=== Provided data ===
↓↓↓
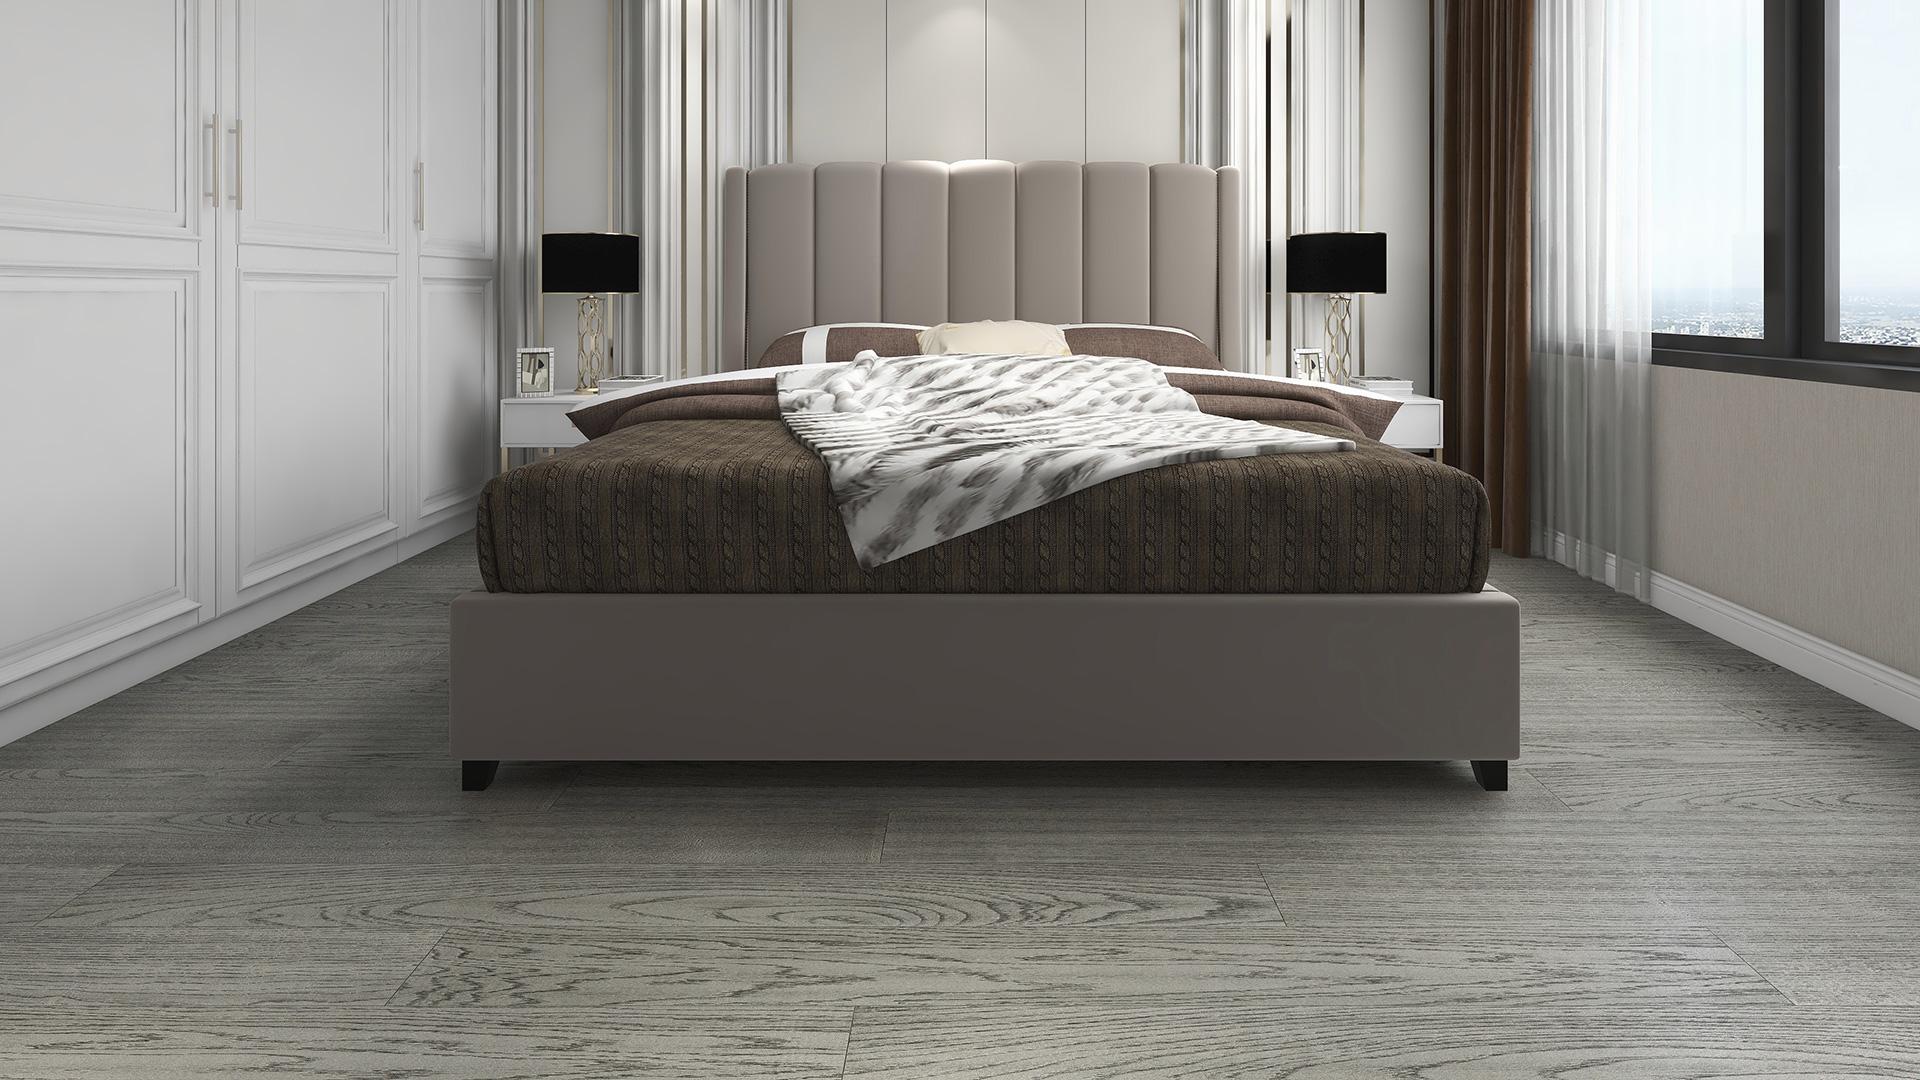 意大利GARBELOTTO实木复合地板,单拼白金色橡木
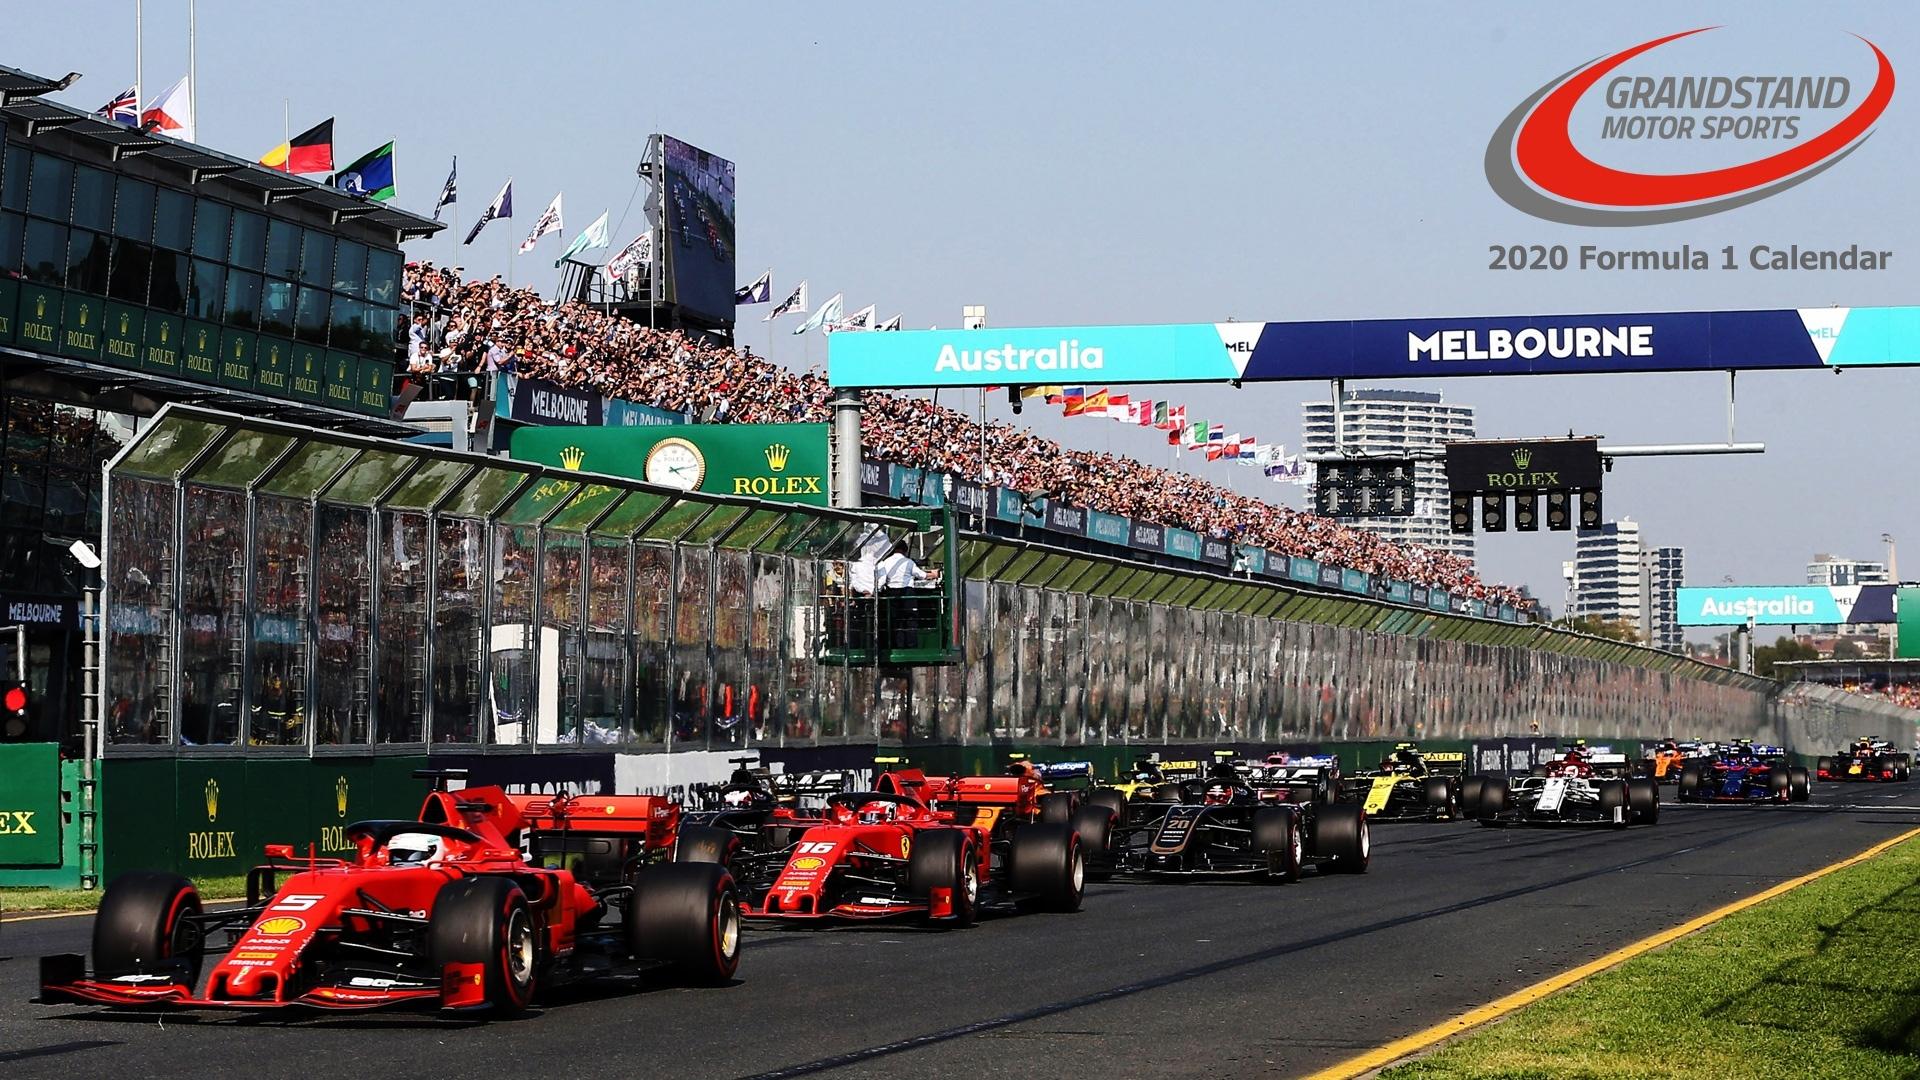 2020 F1 Calendar: Formula 1 Grand Prix Schedule Details Printable 2020 Formula 1 Schedule
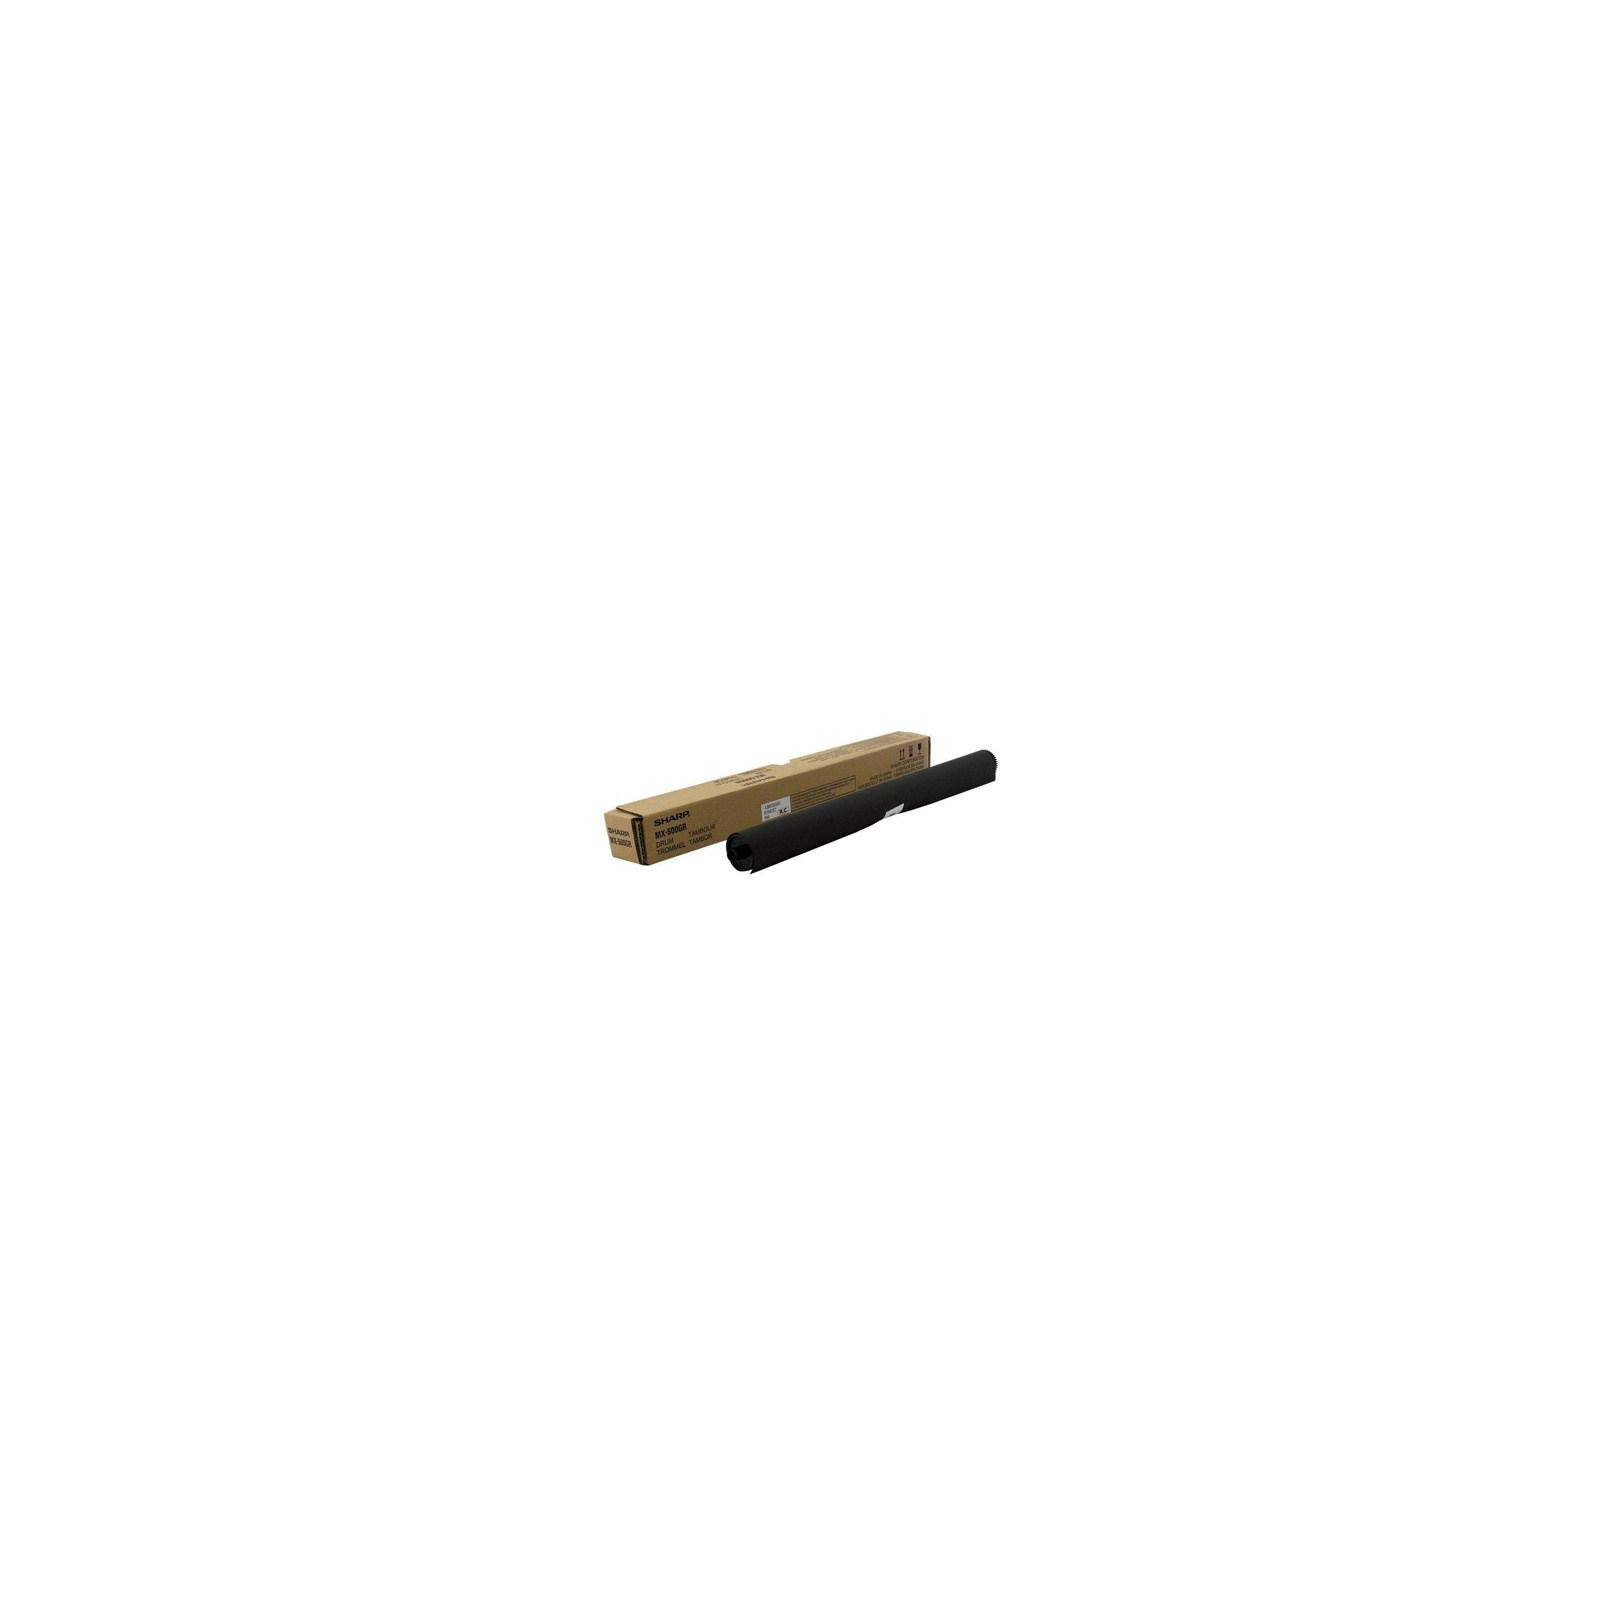 Фотобарабан SHARP MX 500GR для MX-M282/363/453/503 (MX500GR)
↑↑↑
Give back exactly the lines from the one containing "2020 F1 Calendar: Formula" through the last line above, both included, and none of the pictures.

=== Answer to this task ===
 2020 F1 Calendar: Formula 1 Grand Prix Schedule Details Printable 2020 Formula 1 Schedule
 Фотобарабан SHARP MX 500GR для MX-M282/363/453/503 (MX500GR)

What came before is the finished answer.